A study from Amsterdam found that gay men who had used post-exposure prophylaxis (PEP) in the past were four times more likely than non-users to subsequently become infected with HIV.
PEP failure does not appear to be the cause of their HIV infection, but rather ongoing risk behaviour following a course of PEP. Self-reported adherence to the PEP regimen was high, at 94%.
The investigators compared HIV infection rates between 2000 and 2009 in 355 men, who had in total received 385 courses of PEP, with infection rates over the same period in 782 gay men entering the Amsterdam Cohort Study. They measured HIV incidence three and six months after receiving PEP in the former group and after cohort entry in the latter.
HIV incidence, translated into infections per man per year, was 6.4% in men who had taken PEP and 1.6% in the cohort study. Three out of the eleven PEP users who acquired HIV were positive three months after PEP but the other eight were only found to be positive six months later, indicating that few - if any - infections were acquired while actually taking PEP.

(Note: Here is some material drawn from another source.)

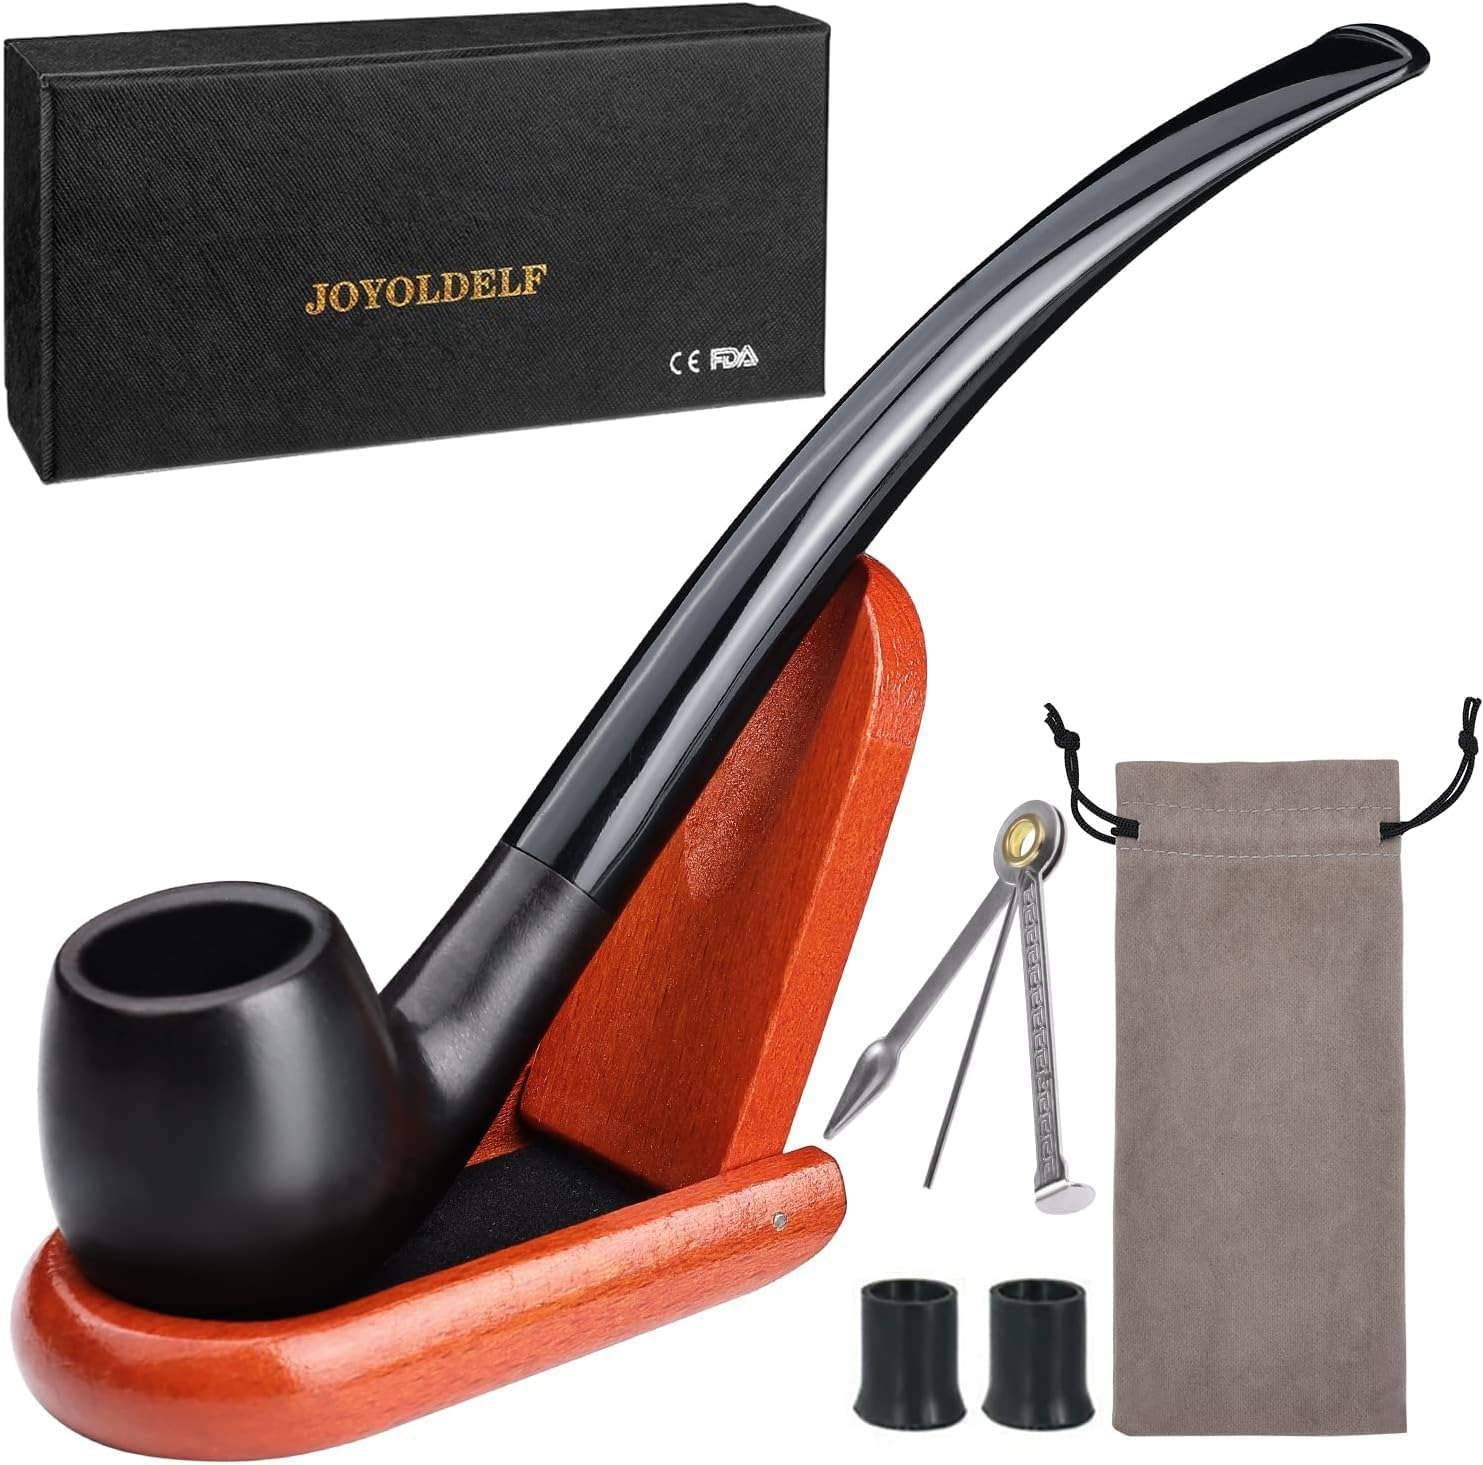 Joyoldelf Tobacco Pipe, Luxury Wooden Smoking Pipe with Tobacco Pipe Stand, Ebon

“Our study showed a high incidence of HIV among MSM [men who have sex with men] who used PEP, an indication of ongoing risk behaviour,” write the investigators. “This implies that PEP alone for this group is not sufficient to prevent HIV infection, and a combination of other more comprehensive preventative strategies is needed.”
Comment: It is important not to interpret this study as a failure of PEP. Instead, it indicates that gay men who come forward for PEP rightly see themselves as being at high risk of HIV, but find that PEP is not a strategy they can use often enough for it to be protective. Previous studies of PEP have also found that, while it has an efficacy of about 80% for individual infections, its use makes no difference to infection rates on a population level. The high HIV incidence in PEP seekers suggests that they might be ideal candidates to be offered an ongoing course of PrEP (pre-exposure prophylaxis). At present, PrEP is still regarded as an experimental prevention technique and access to it is limited to unlicensed or clinical trial-based use.